In a conventional construction of a high intensity discharge lamp, the electrode arrangement is hermetically sealed to the polycrystalline alumina arc tube by a glass frit with specific composition to match the thermal expansion coefficient of the polycrystalline alumina arc tube. In making the electrode, materials such as niobium metal, molybdenum-alumina cermet, or tungsten-alumina cermet are used since their thermal expansion coefficients are close to that of the polycrystalline alumina. Even with the careful design of the sealing frit material, cracking failure in the sealing area during lamp manufacture and lamp life cannot be completely prevented due to the construction of the electrode. In most electrode designs, there is molybdenum coil encircling either a molybdenum rod or a tungsten rod disposed between the frit sealing area and the tungsten electrode tip. When the frit over flows onto this middle portion of the electrode during the sealing process, there is a possibility of cracking in the sealing area during the sealing process or during lamp life.

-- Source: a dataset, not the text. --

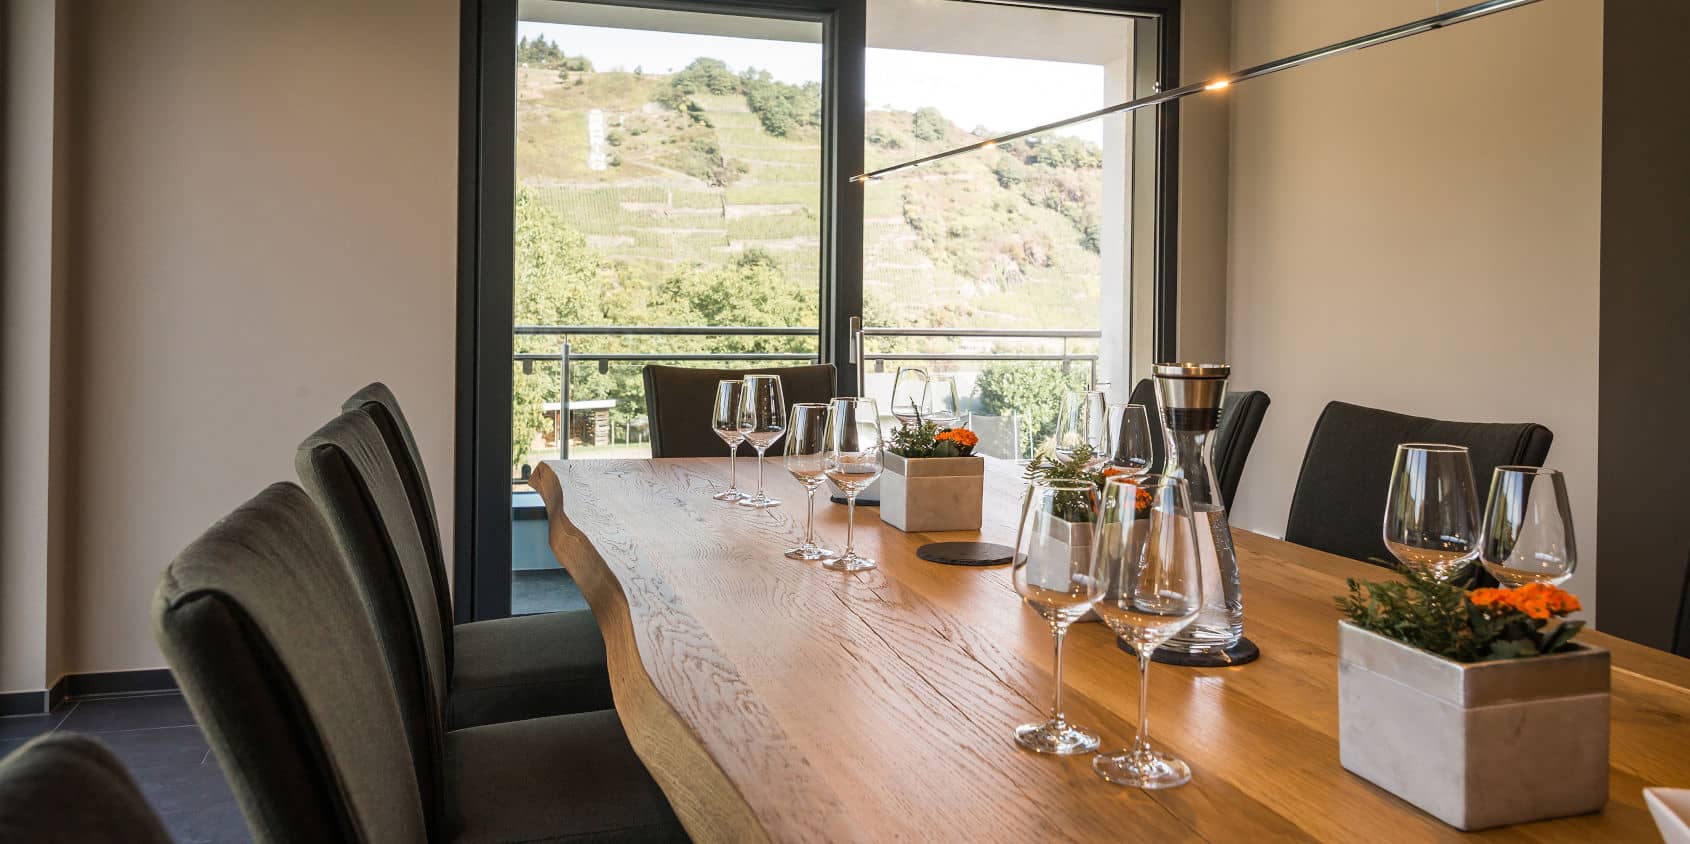 Holztisch mit Weingläsern vor großem Panoramafenster

Furthermore, due to the difference of thermal expansion coefficient between polycrystalline alumna and molybdenum, a relatively larger gap exists between the inner diameter of the polycrystalline alumna capillary tube and the molybdenum coil. This gap plus the void space between the molybdenum coil turns require that more metal halide chemical fill amount be filled into the arc tube during arc tube manufacturing. Higher amounts of metal halide chemical fill will introduce more impurity into the arc tube causing starting problems and increasing the rate of chemical reaction with polycrystalline alumina material. In order to reliably prevent cracks due to thermal expansion coefficient mismatch in the sealing region, reduce metal halide fill amount and improve lamp performance, an improved electrode arrangement is proposed.
The statements in this section merely provide background information related to the present disclosure and may not constitute prior art.